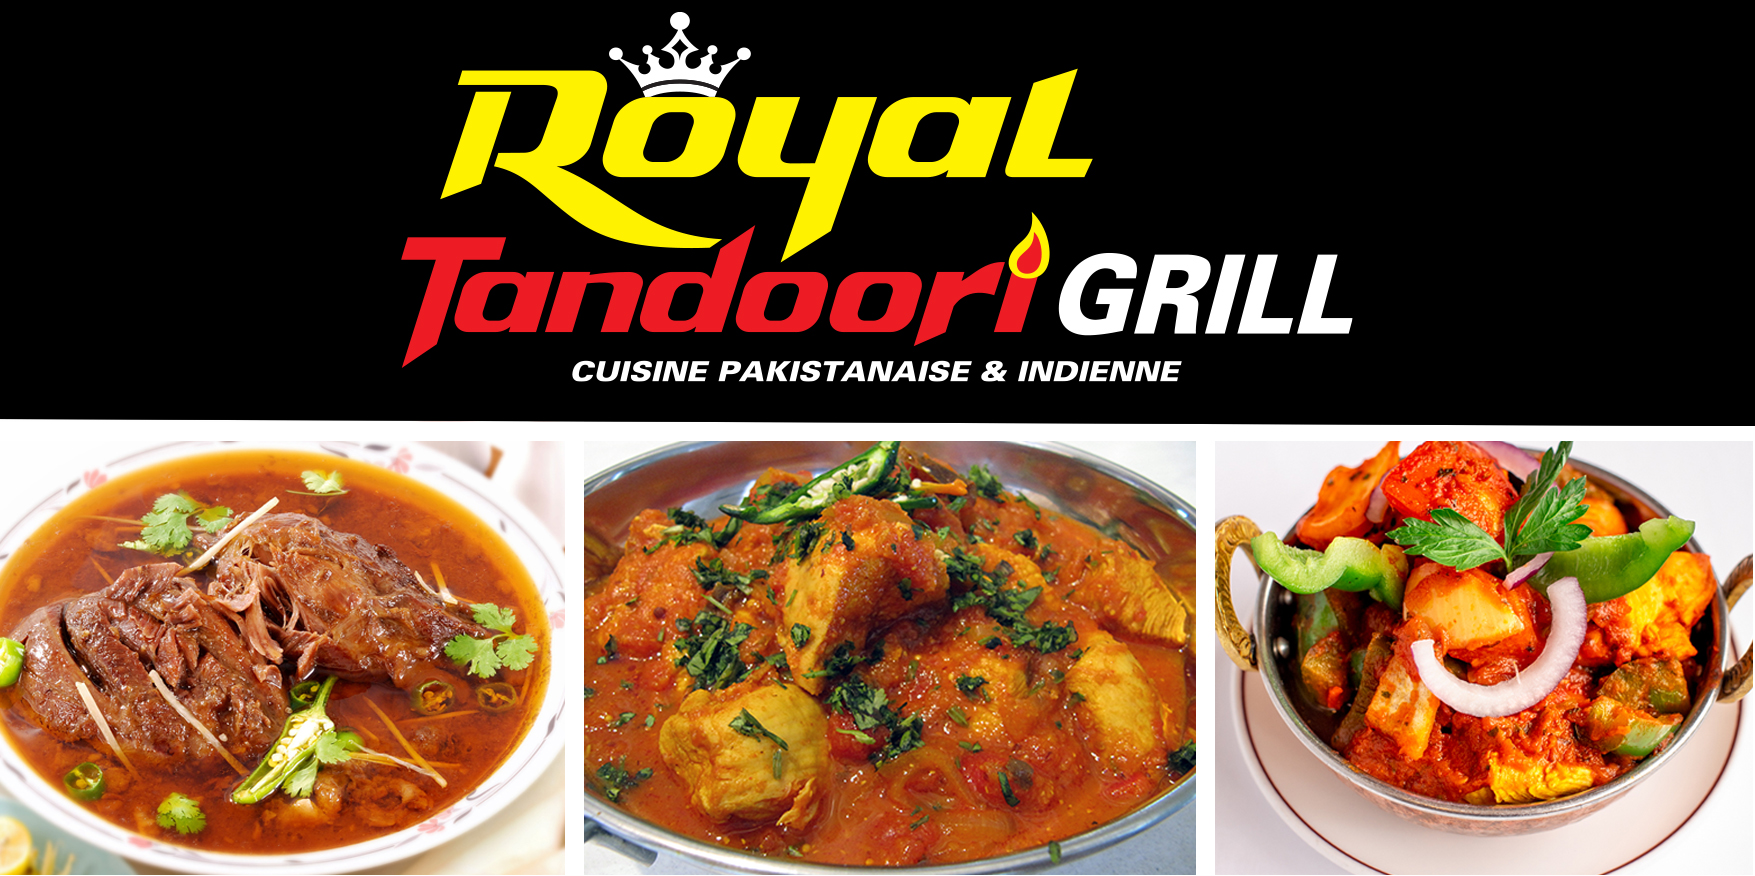 Le restaurant Royal Tandoori Grill est maintenant ouvert
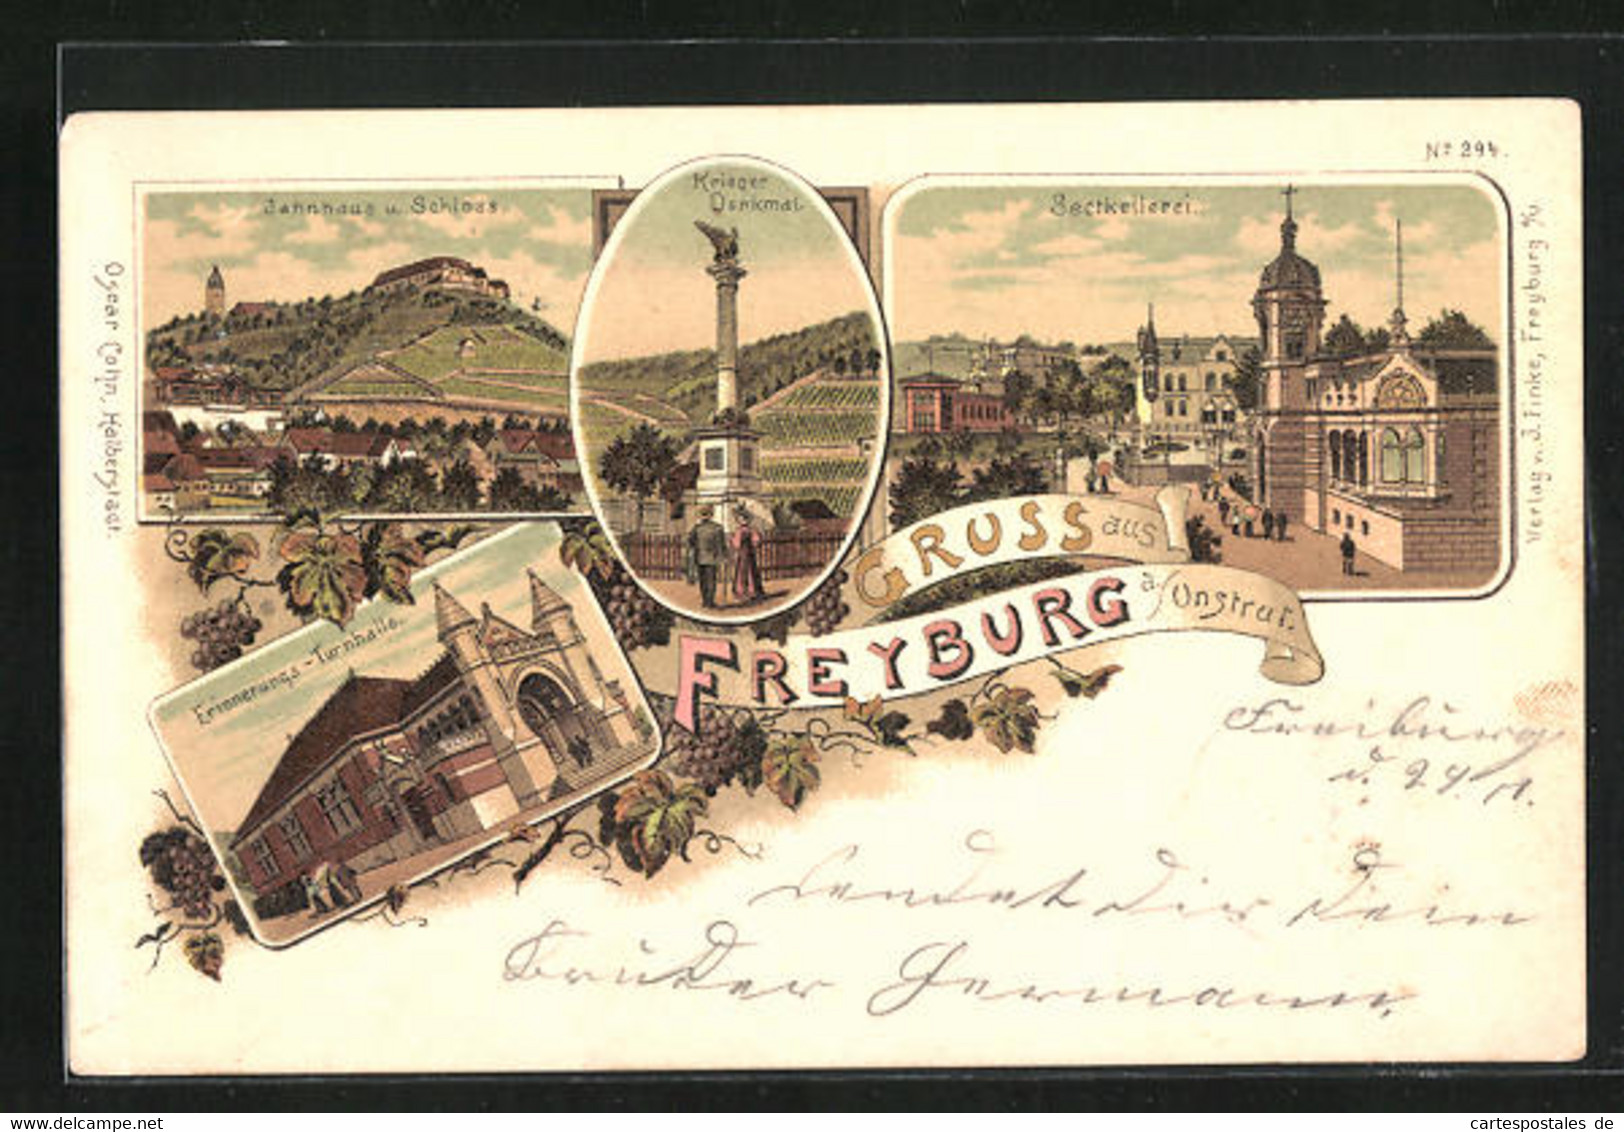 Lithographie Freyburg / Unstrut, Sectkellerei, Jahnhaus U. Schloss, Erinnerungs-Turnhalle - Freyburg A. D. Unstrut
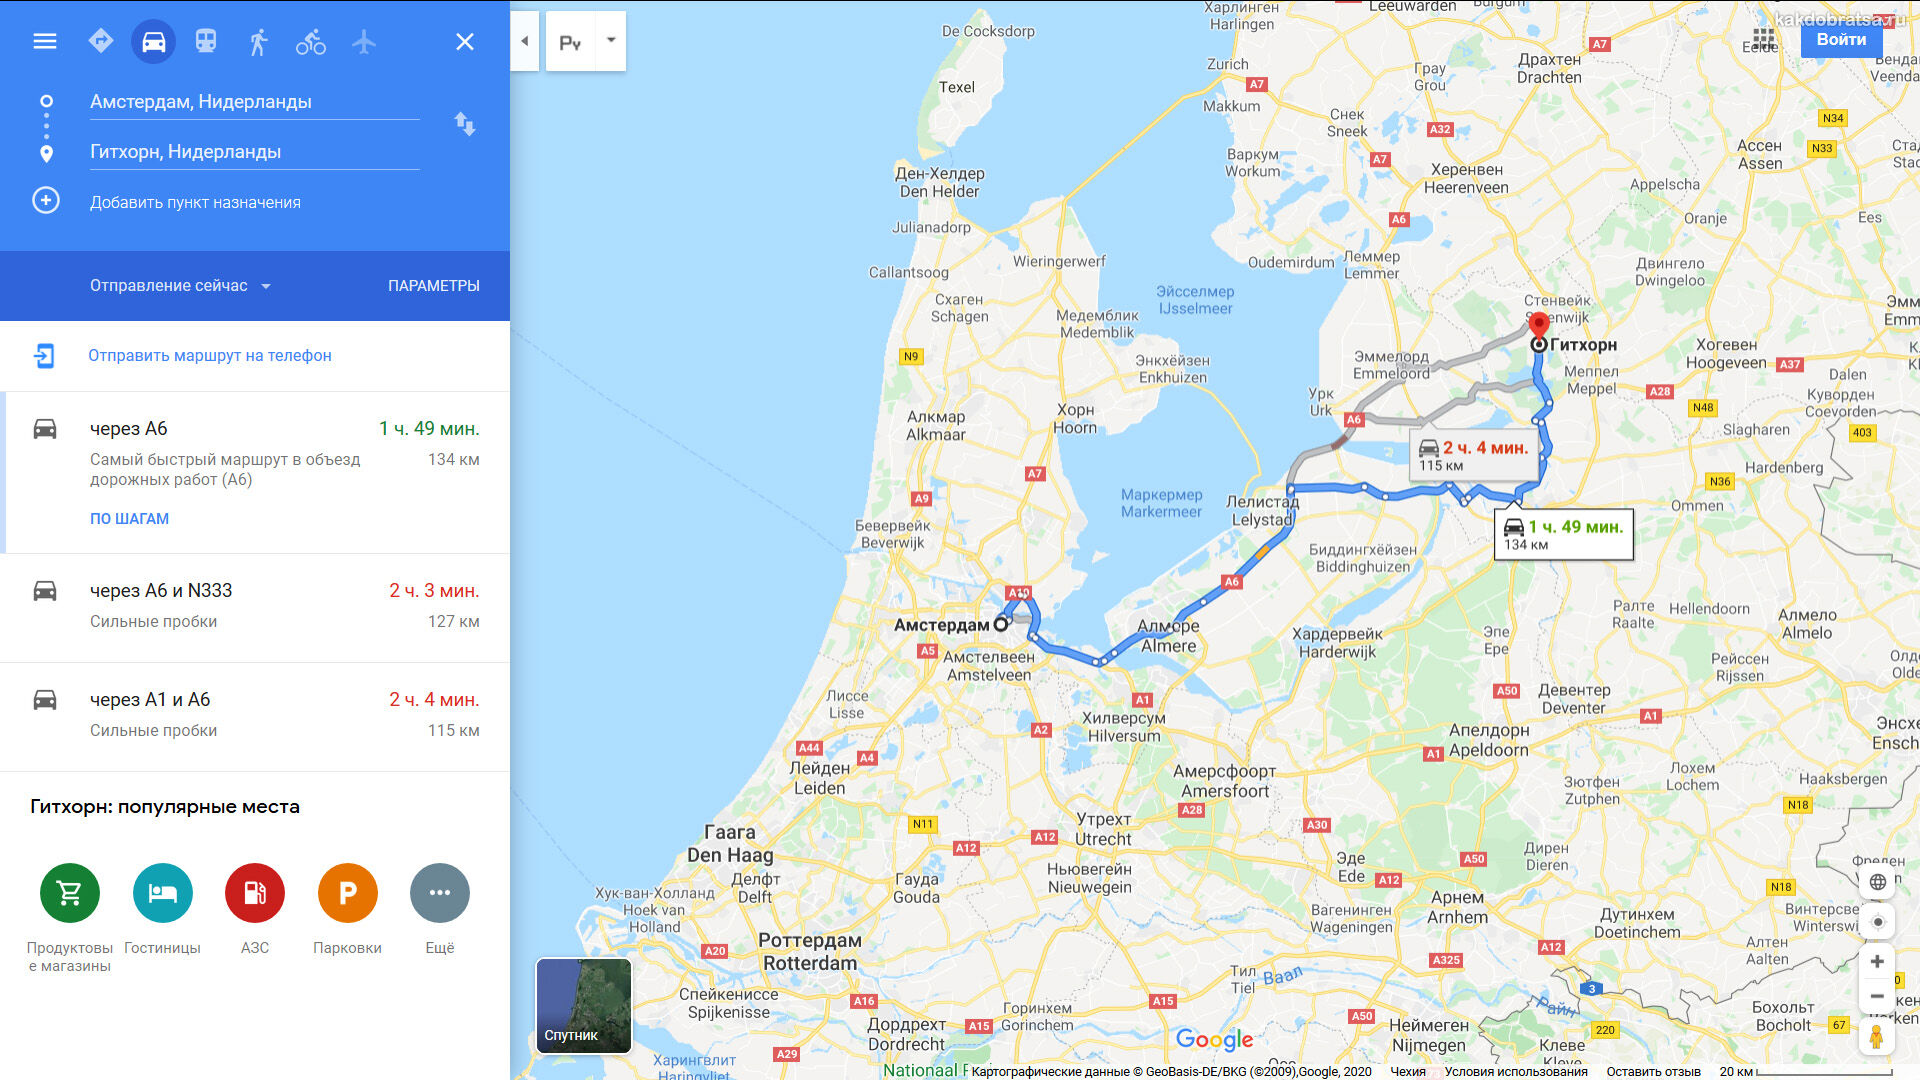 Амстердама Гитхорн расстояние и время в пути по карте
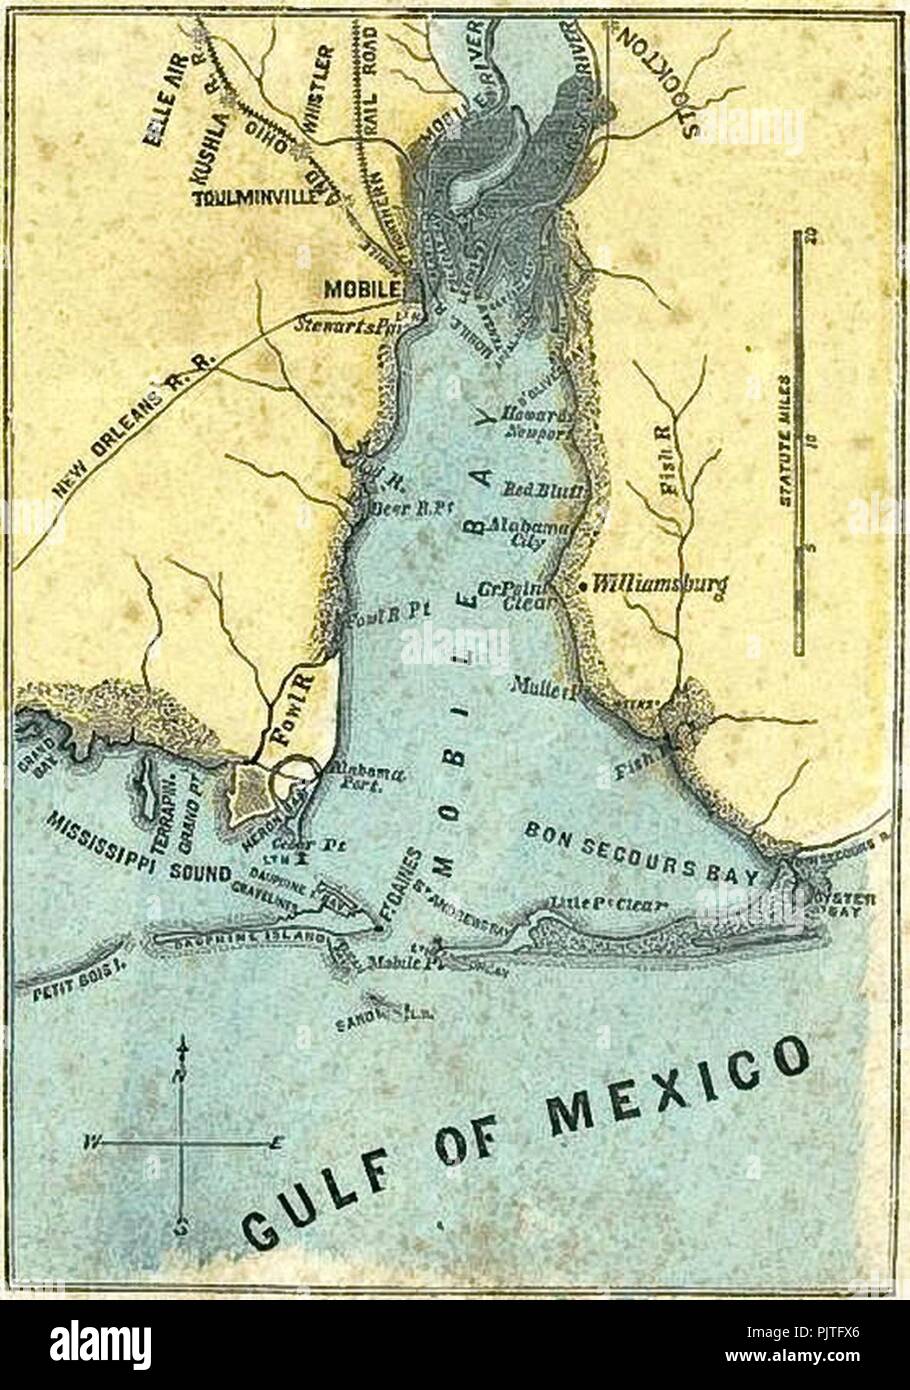 La batalla de Mobile Bay mapa. Foto de stock
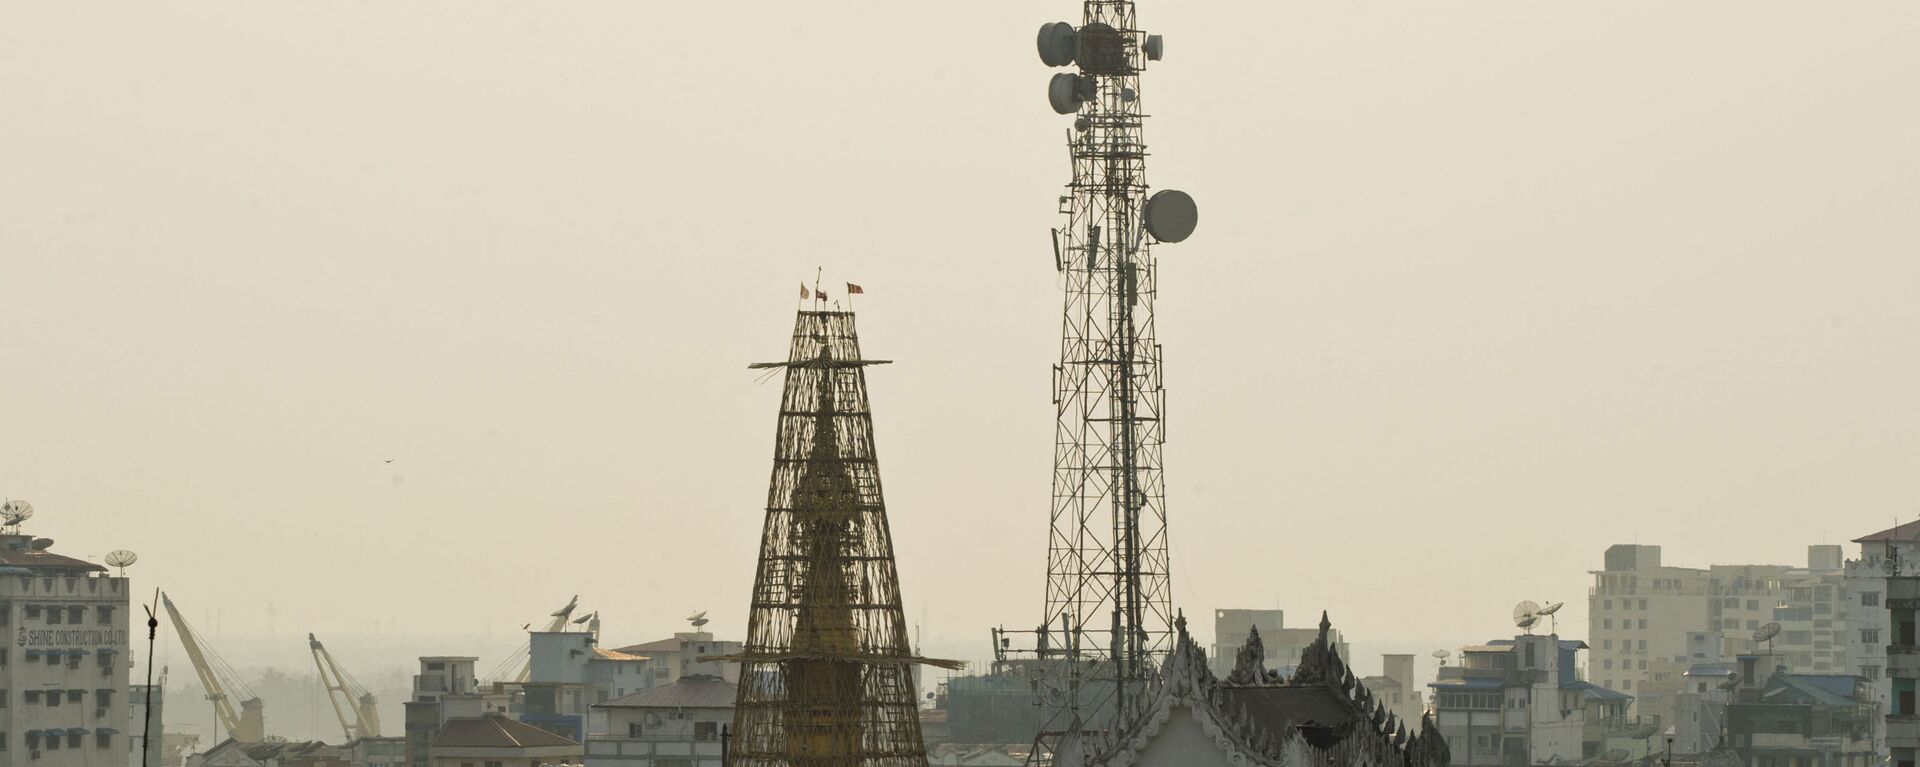 Tháp viễn thông ở Myanmar - Sputnik Việt Nam, 1920, 09.12.2021

++++++

• **To do**
Please retype every entry above exactly, leaving out any picture.

• **Expected answer**
 Le restaurant Royal Tandoori Grill est maintenant ouvert
 Lithographie Freyburg / Unstrut, Sectkellerei, Jahnhaus U. Schloss, Erinnerungs-Turnhalle - Freyburg A. D. Unstrut
 Амстердама Гитхорн расстояние и время в пути по карте
 La batalla de Mobile Bay mapa. Foto de stock
 Tháp viễn thông ở Myanmar - Sputnik Việt Nam, 1920, 09.12.2021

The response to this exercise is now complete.